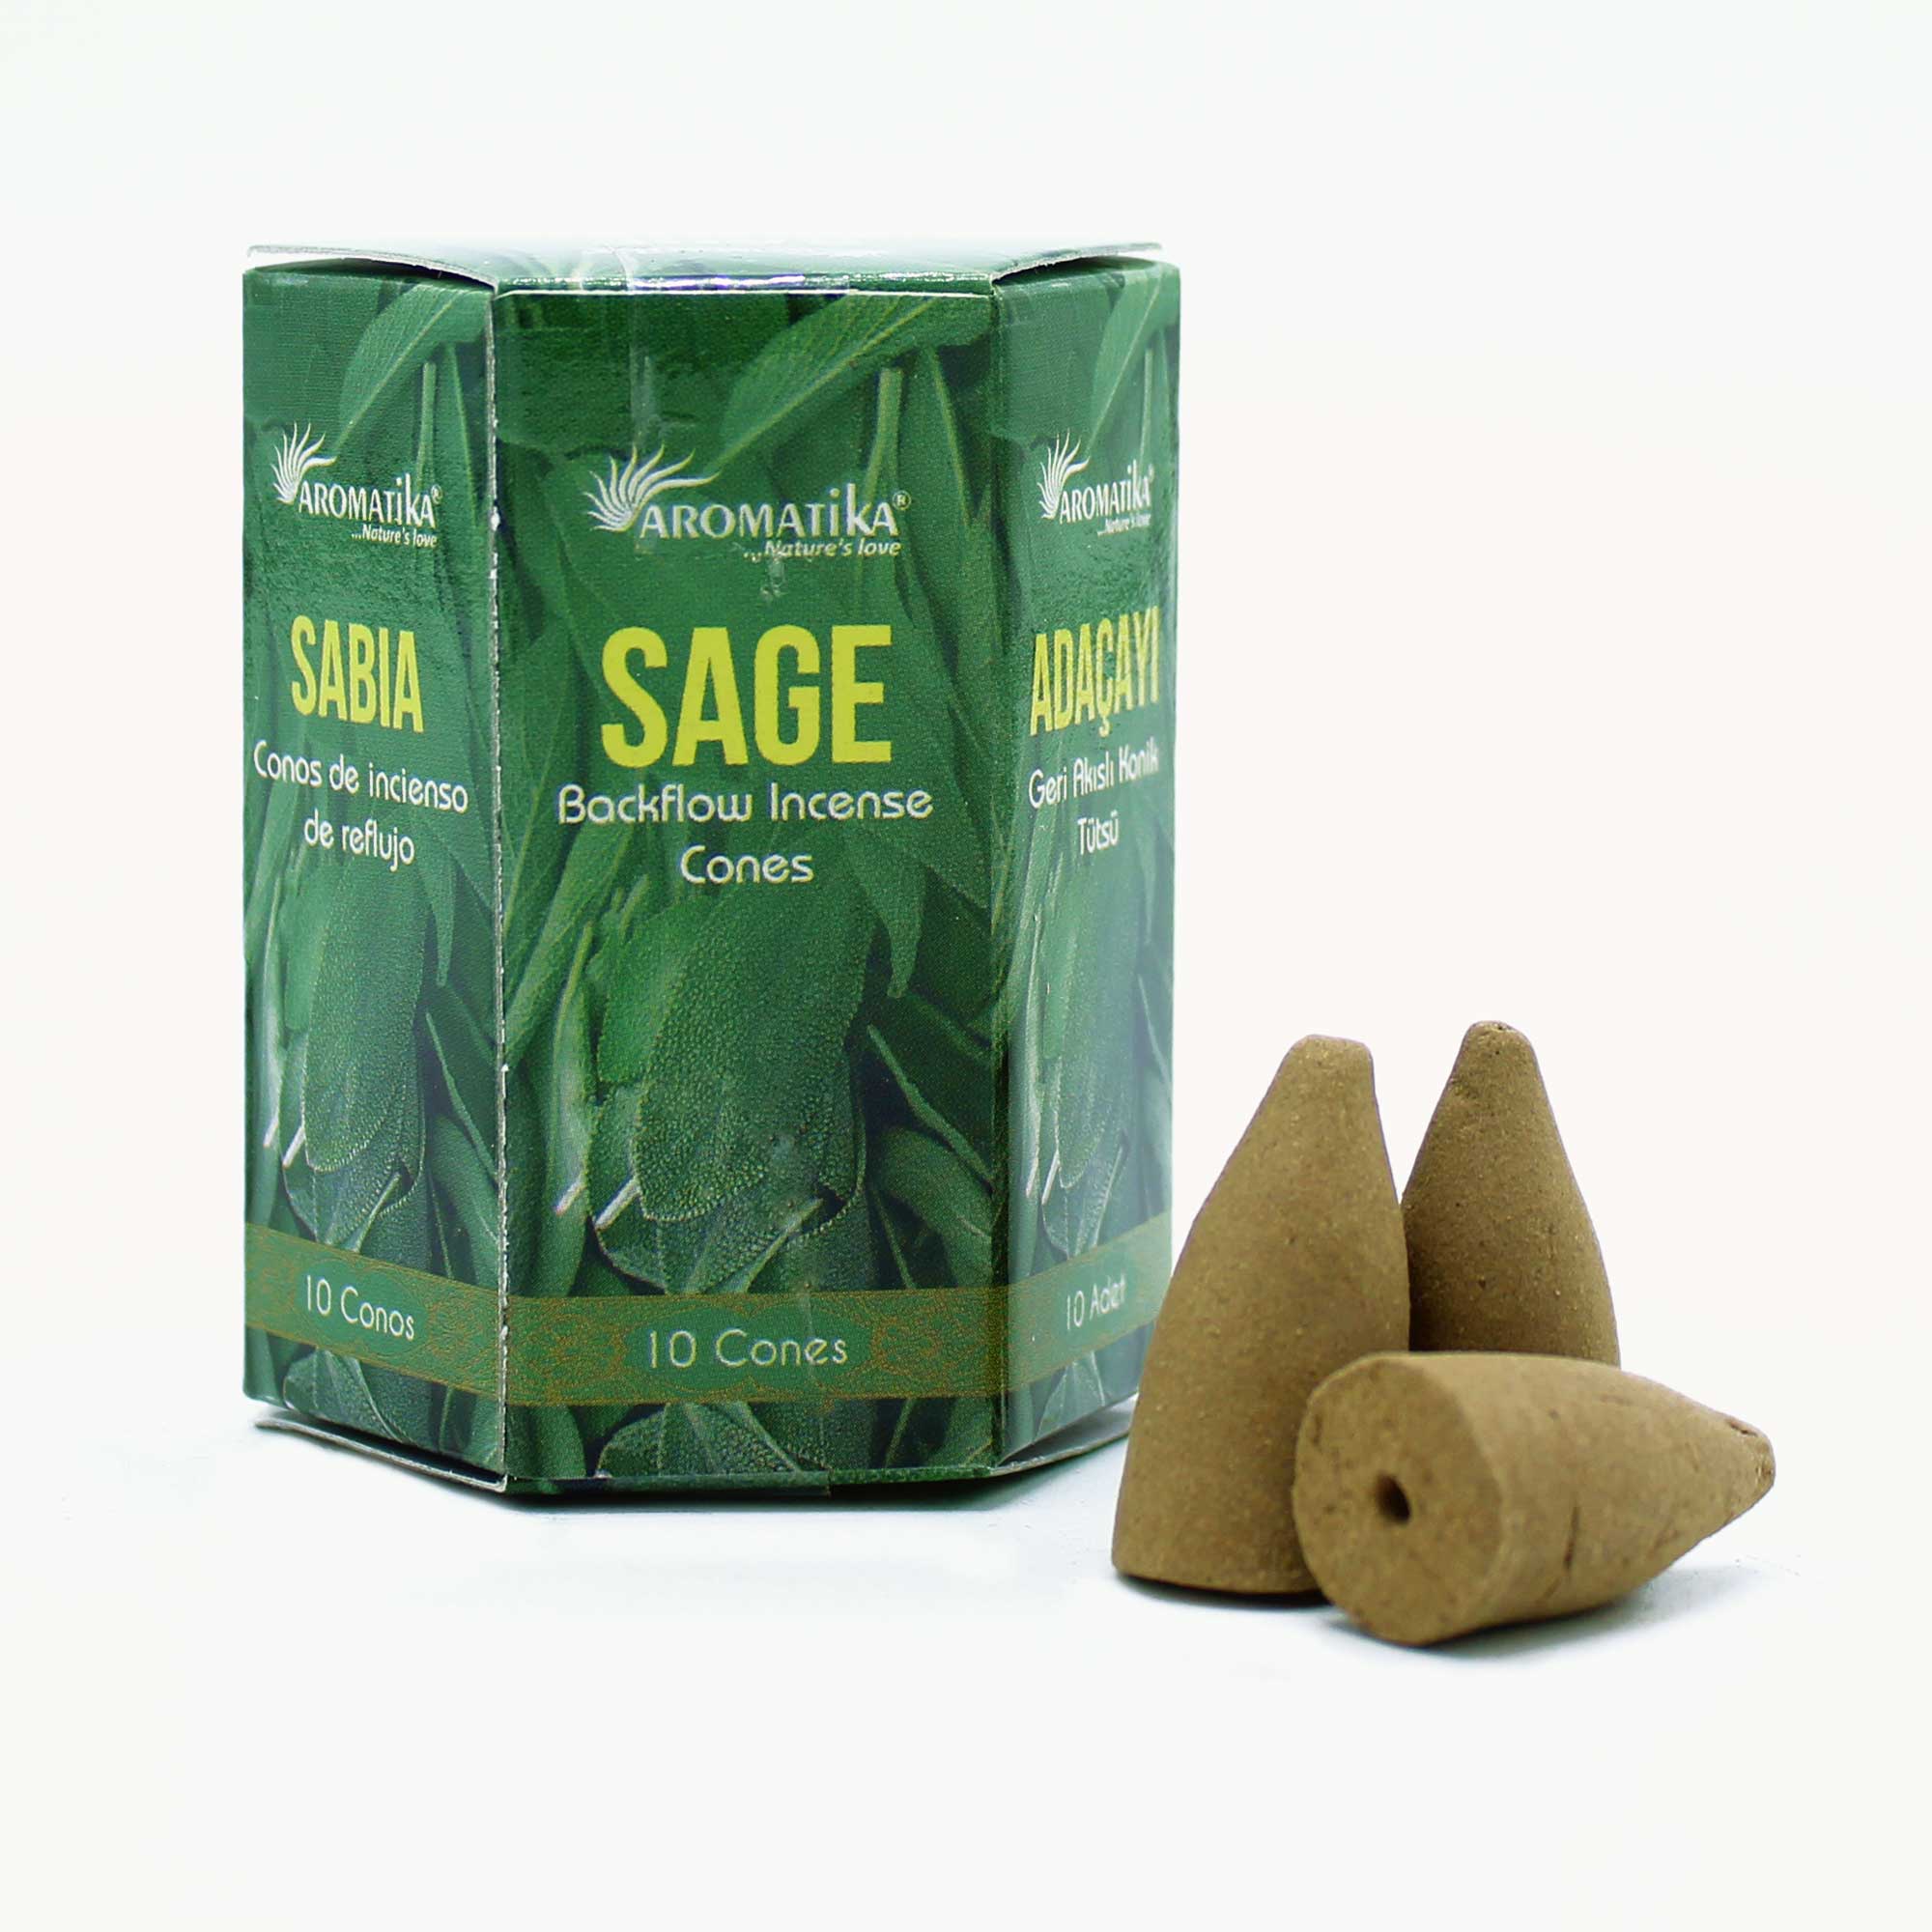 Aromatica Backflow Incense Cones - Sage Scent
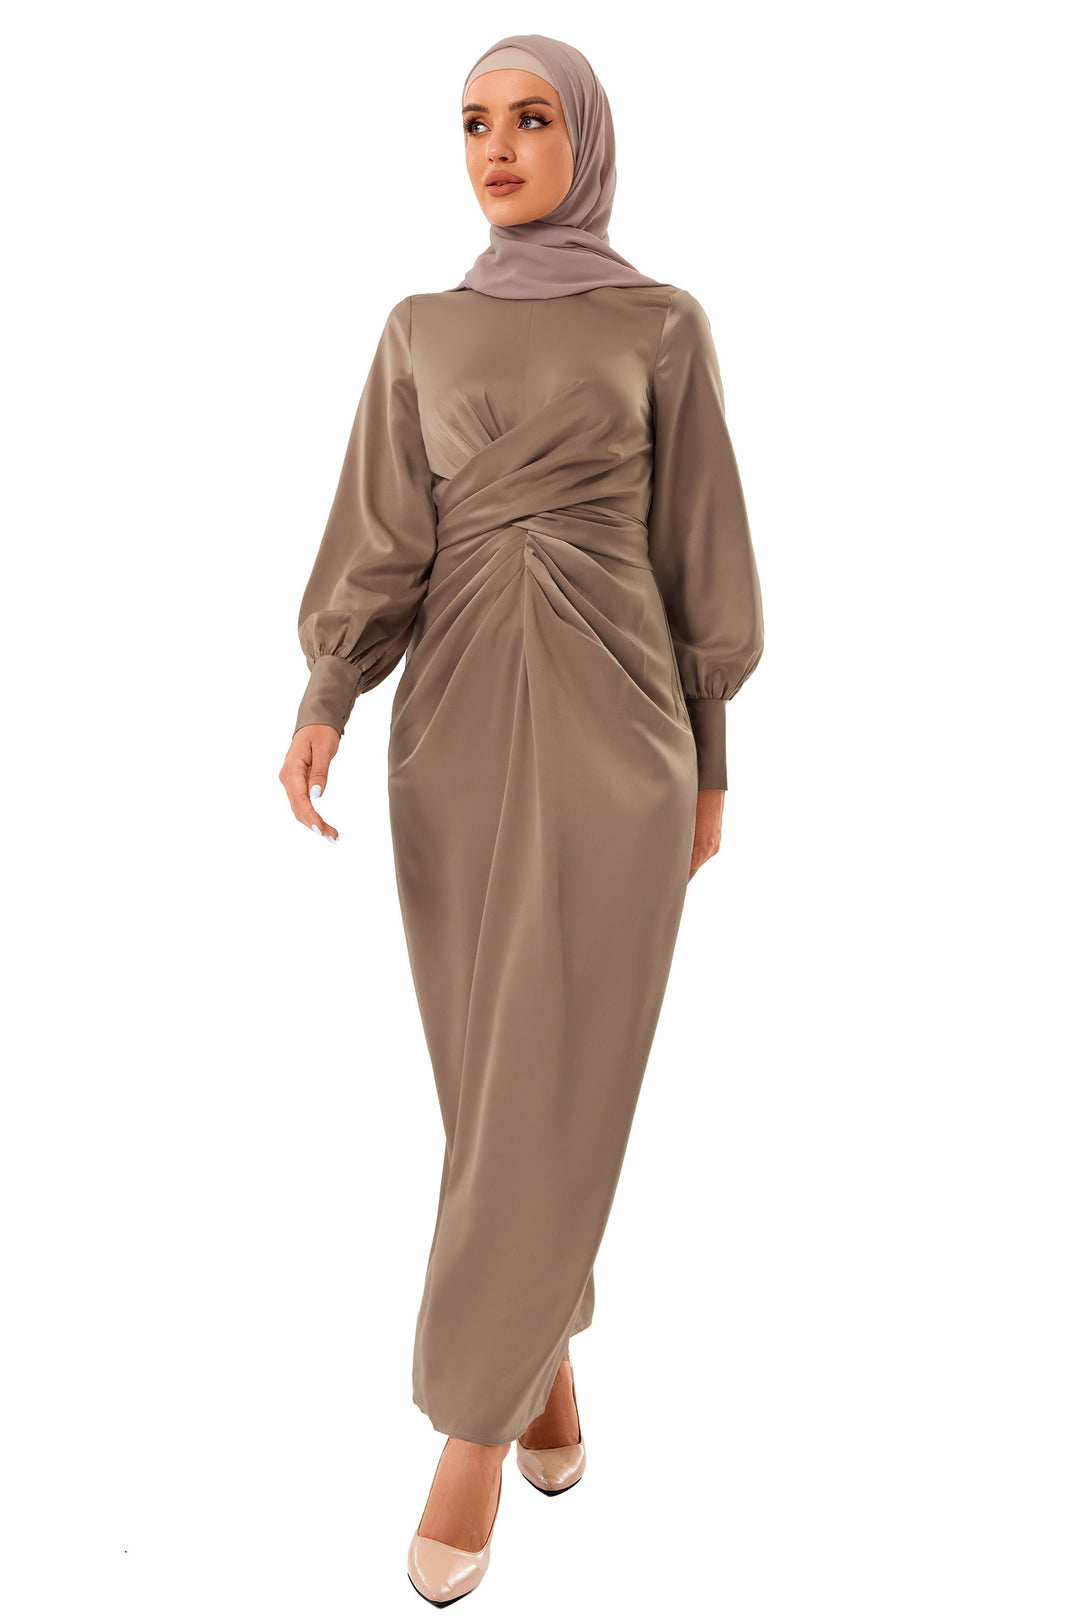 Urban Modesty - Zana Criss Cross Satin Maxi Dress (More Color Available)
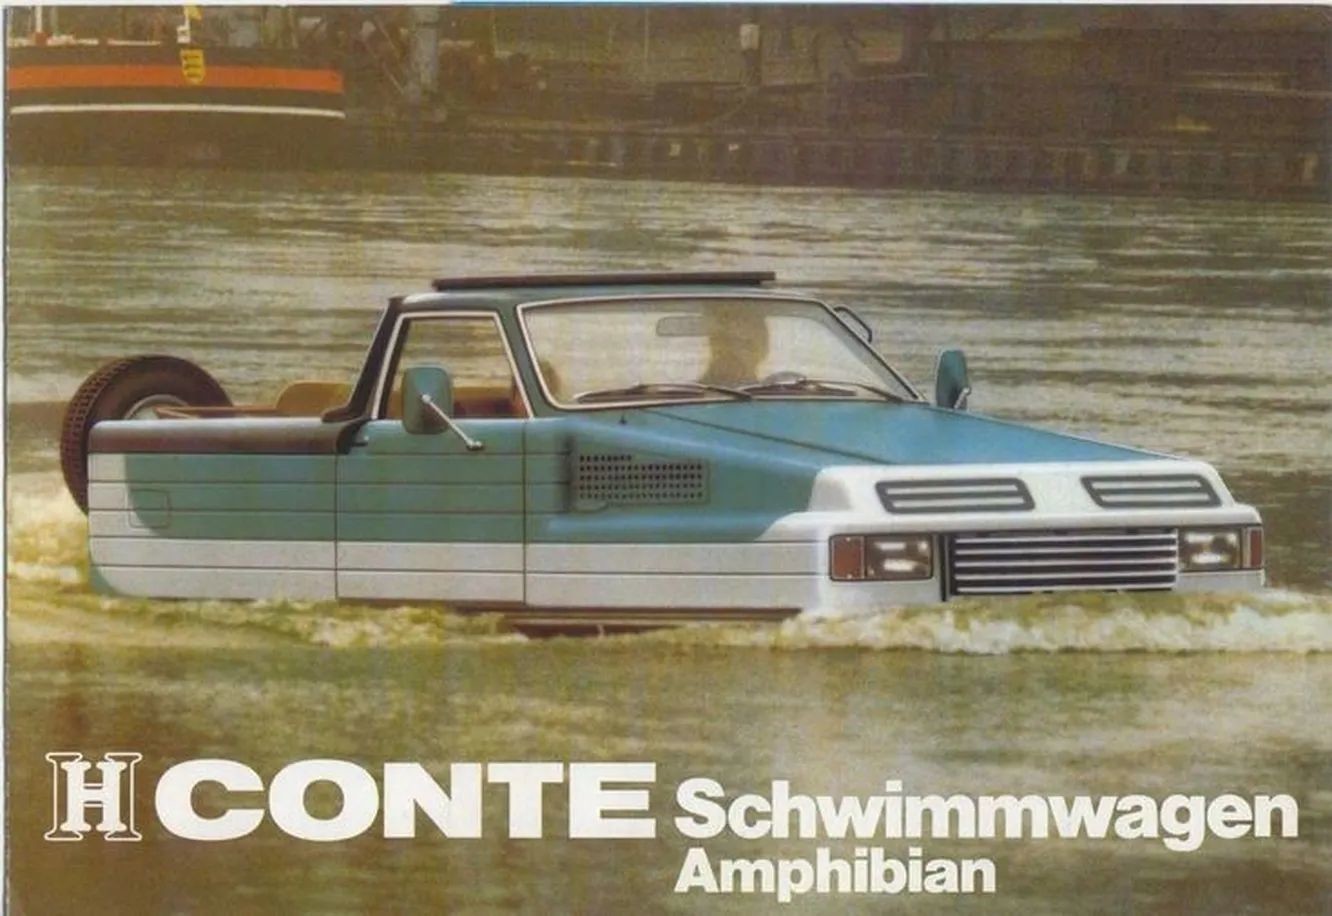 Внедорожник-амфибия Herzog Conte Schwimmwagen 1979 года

##############################

• [Assignment] Ignoring the pictures, write out word for word only the lines from the one containing "Urban Modesty - Zana" through the last line of the data, both ends included.

• [Solution to the problem]
 Urban Modesty - Zana Criss Cross Satin Maxi Dress (More Color Available)
 Внедорожник-амфибия Herzog Conte Schwimmwagen 1979 года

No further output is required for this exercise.